What needs to be done.
Your copy should hold only the lines from the one with "Image of Skate Muzik University hoodie" to the one with "2b5c09b9d46 ... Buy", both included, each exactly as it stands below, with no pictures.

Data extracts.
━━━━━━━━━━━━━━━━

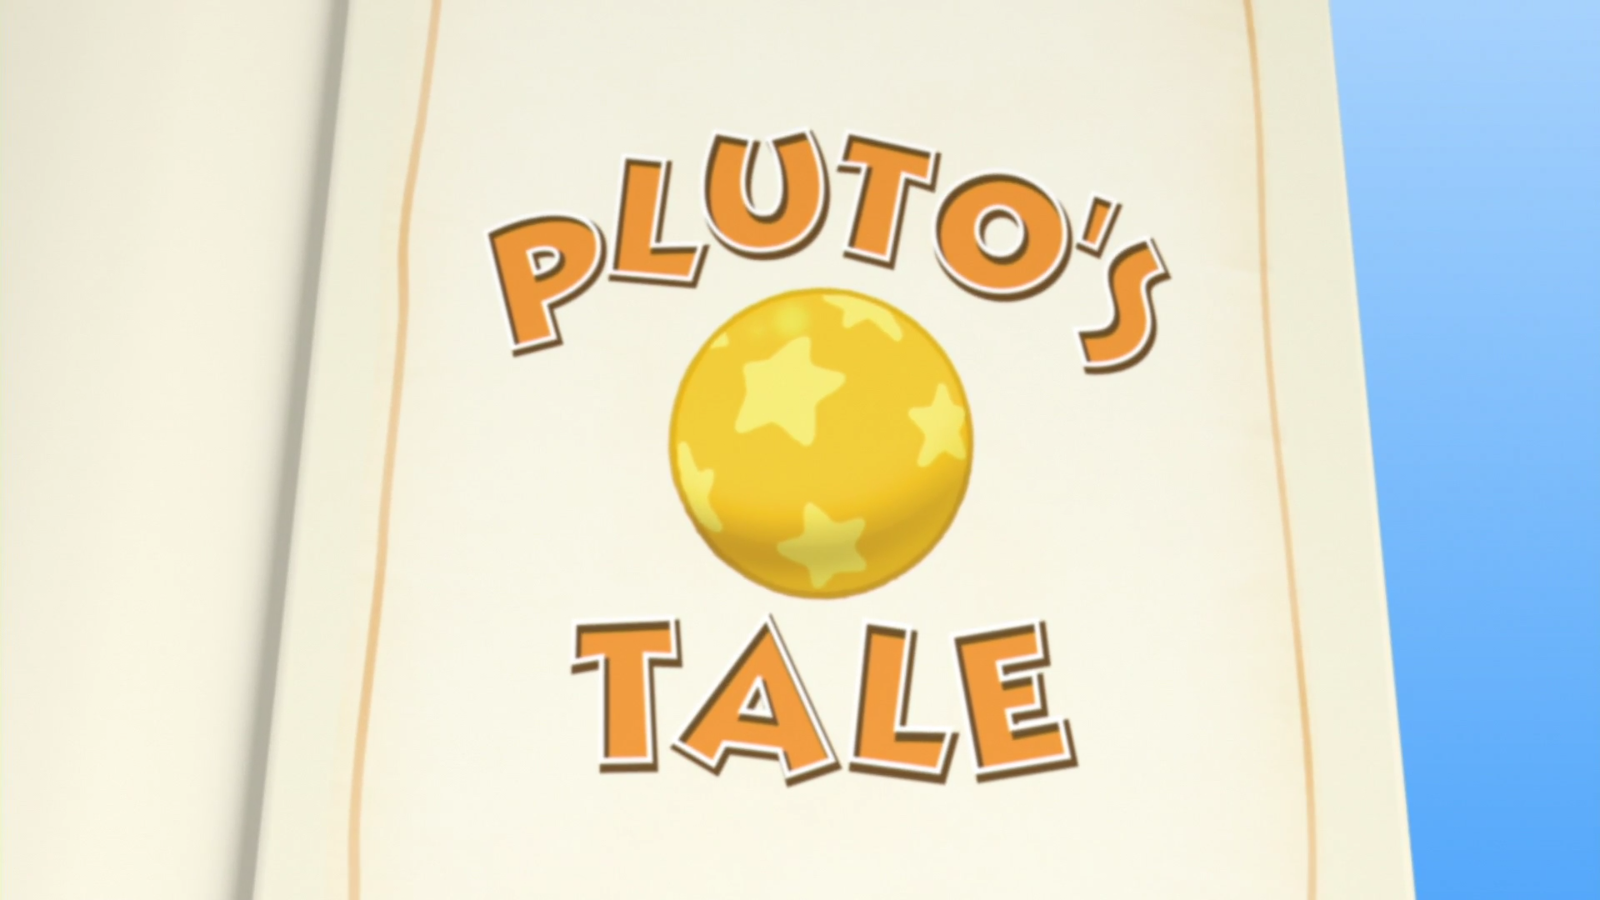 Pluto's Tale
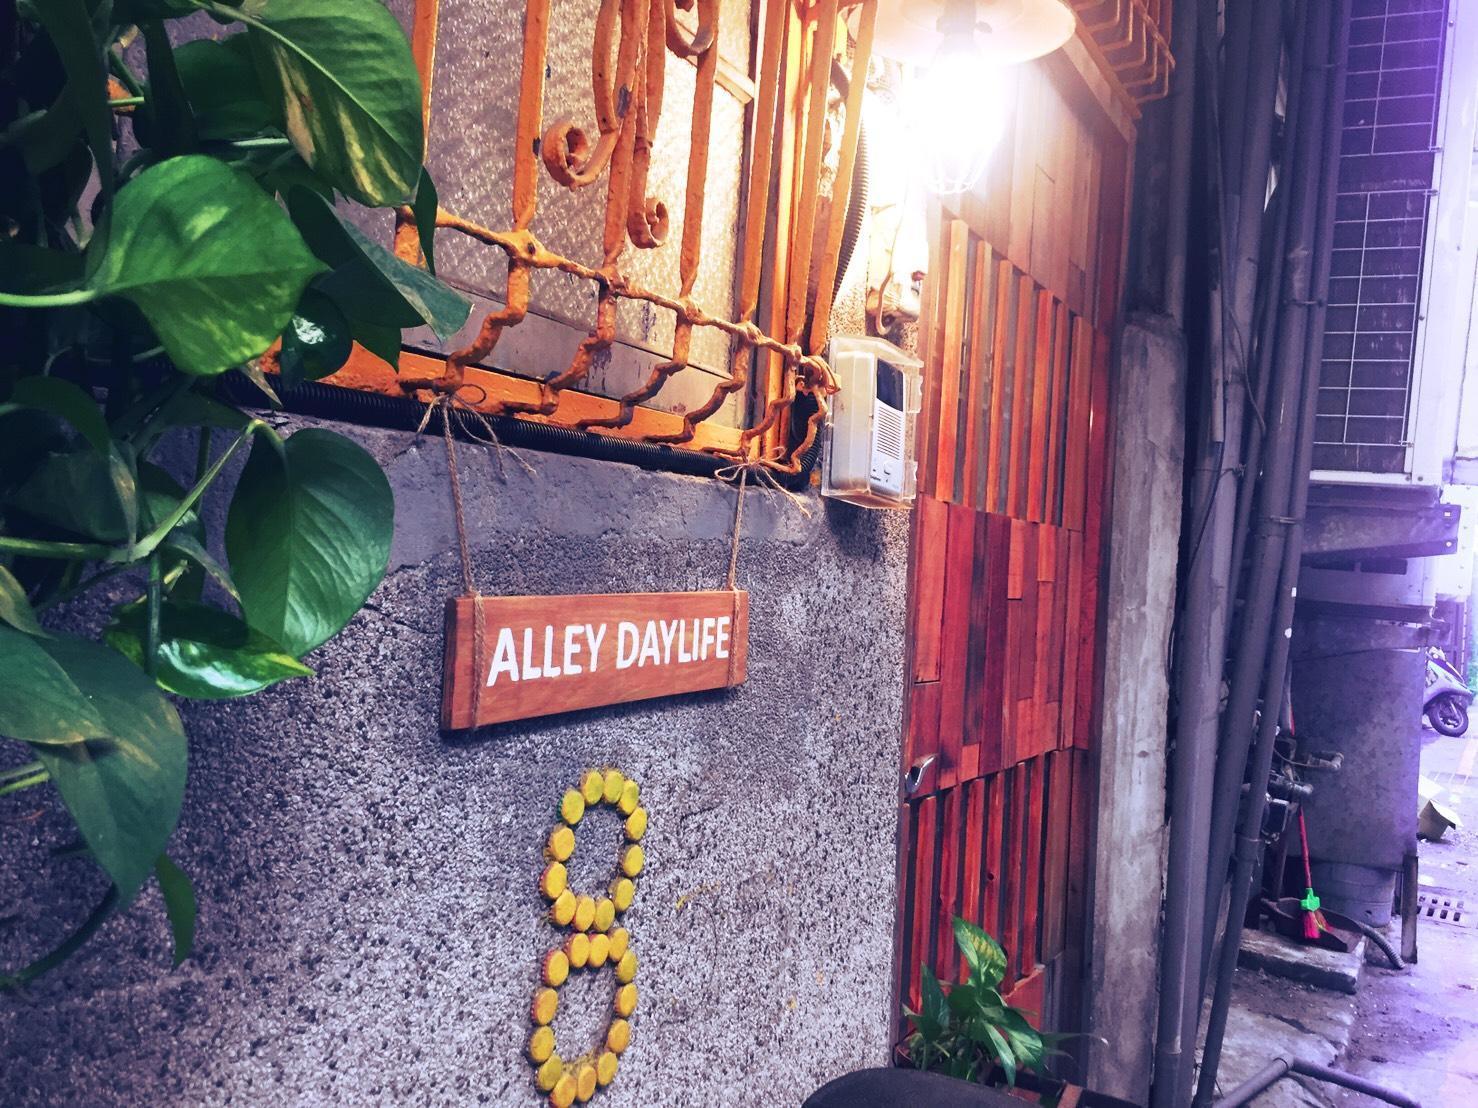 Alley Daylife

━━━━━━━━━━━━━━━━

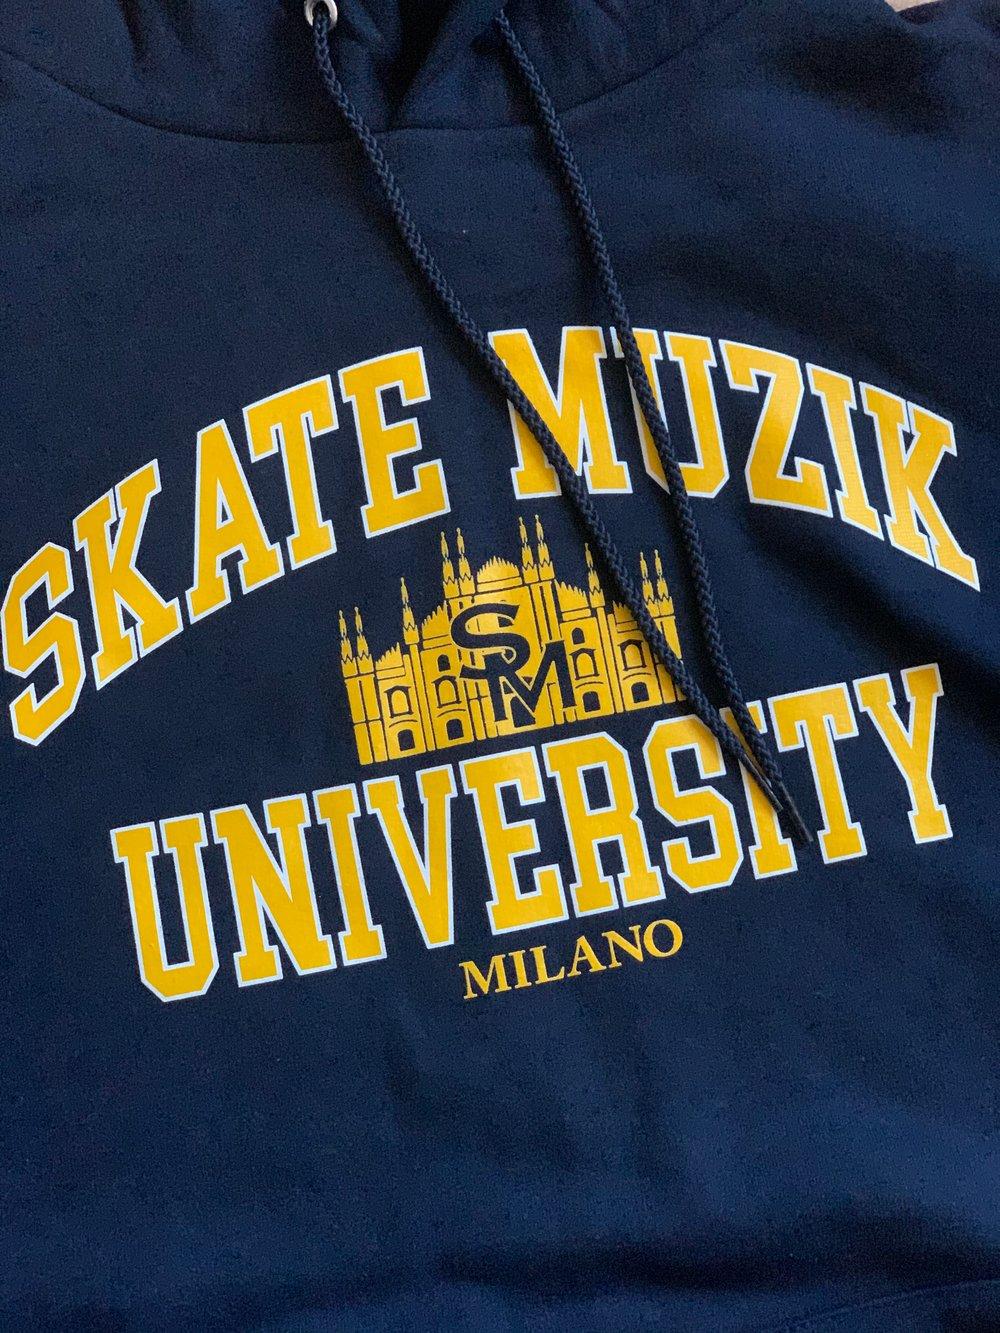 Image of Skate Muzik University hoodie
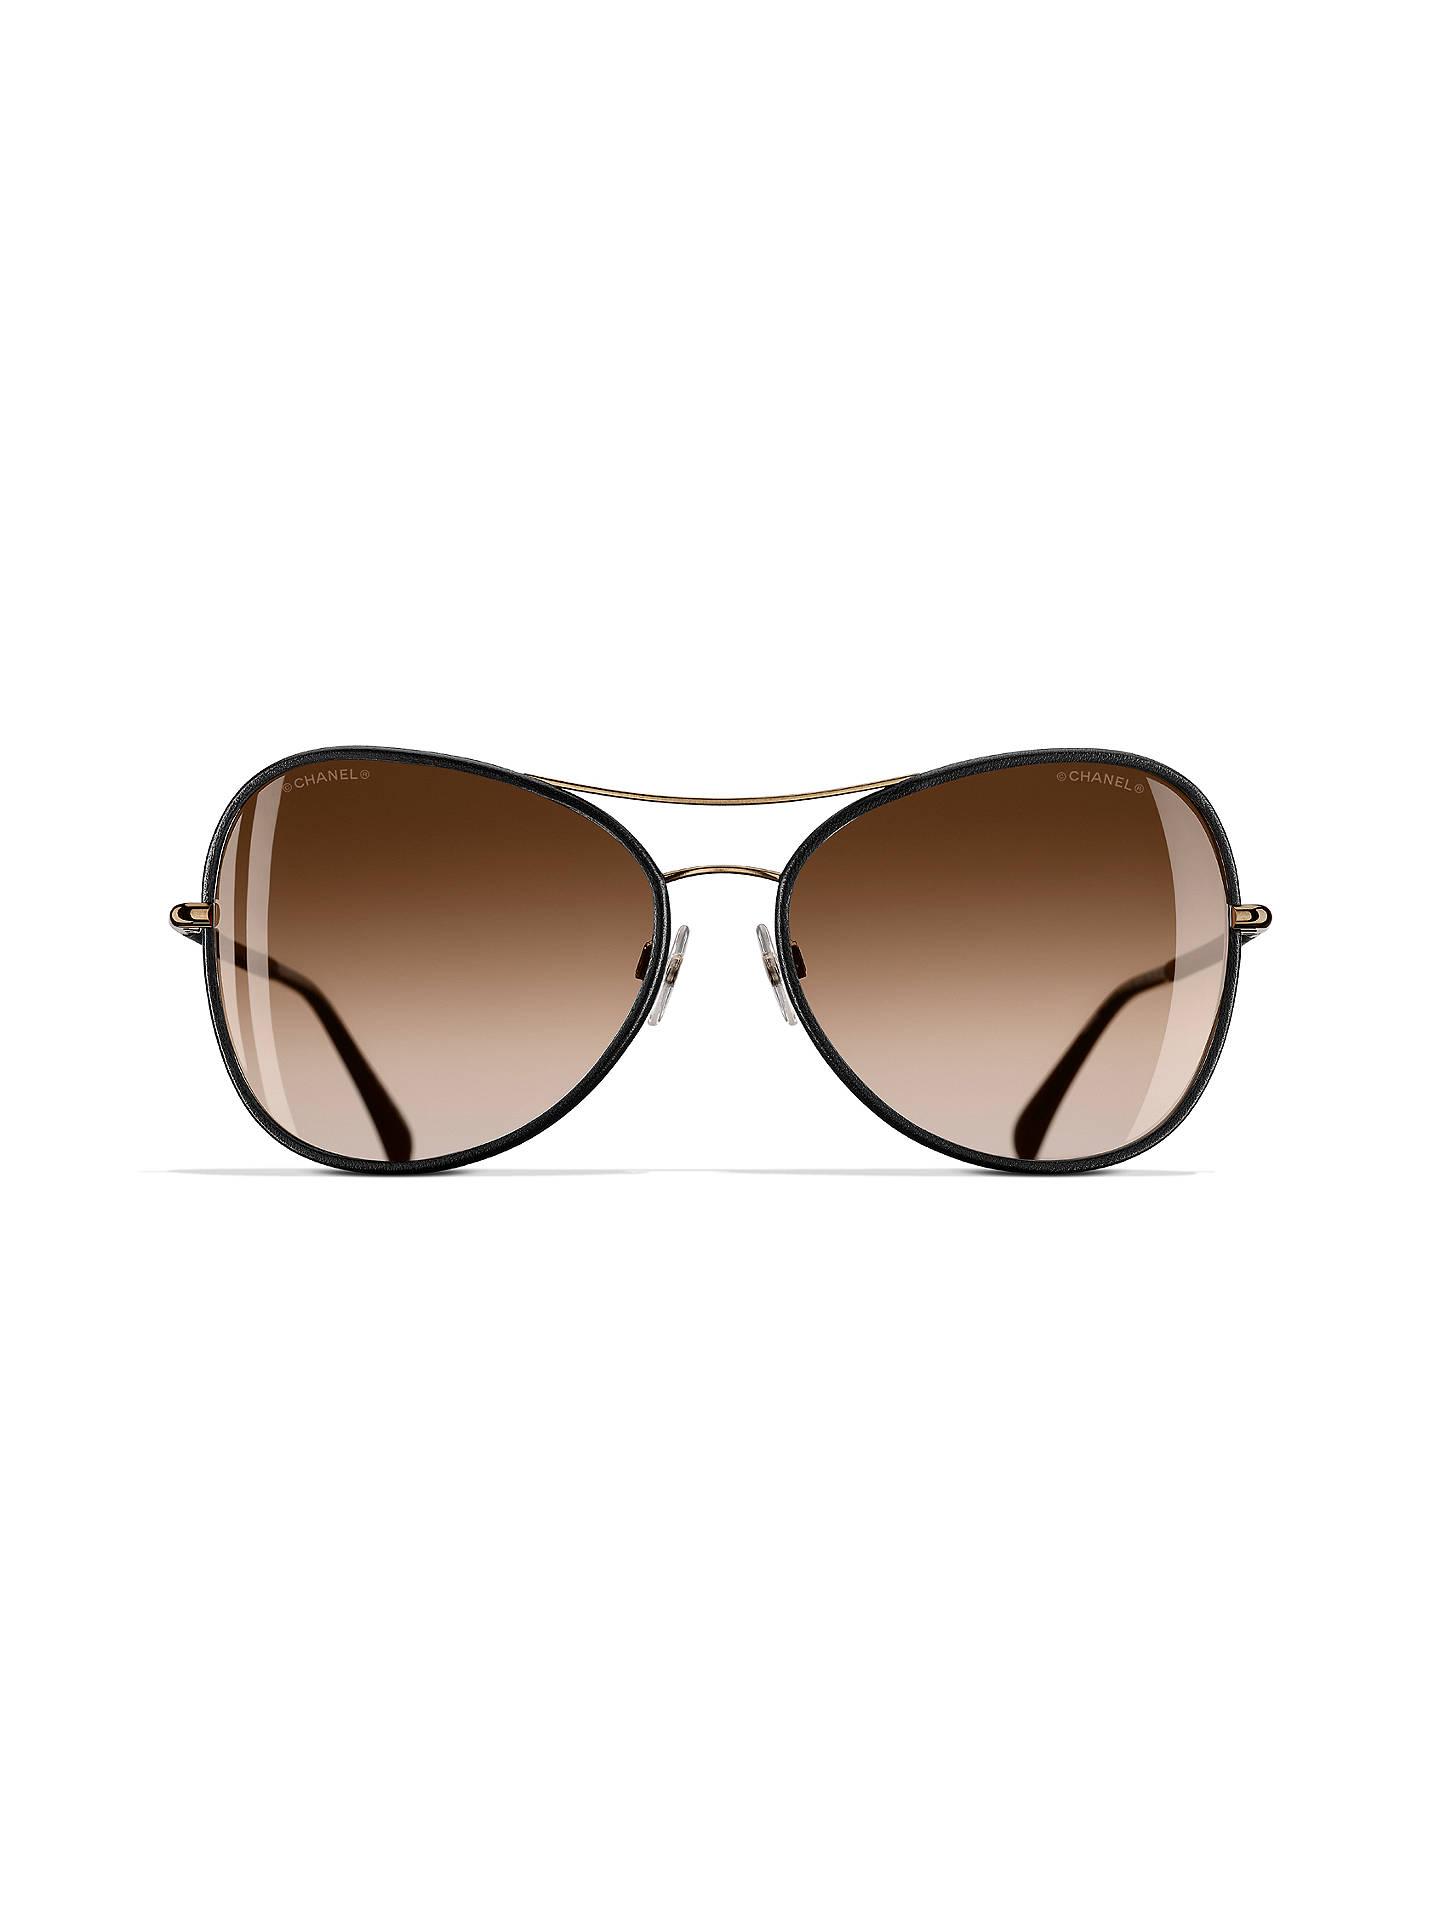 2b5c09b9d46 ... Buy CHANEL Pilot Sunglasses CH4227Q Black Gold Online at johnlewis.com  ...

━━━━━━━━━━━━━━━━

Exercise result.
 Image of Skate Muzik University hoodie
 2b5c09b9d46 ... Buy CHANEL Pilot Sunglasses CH4227Q Black Gold Online at johnlewis.com  ...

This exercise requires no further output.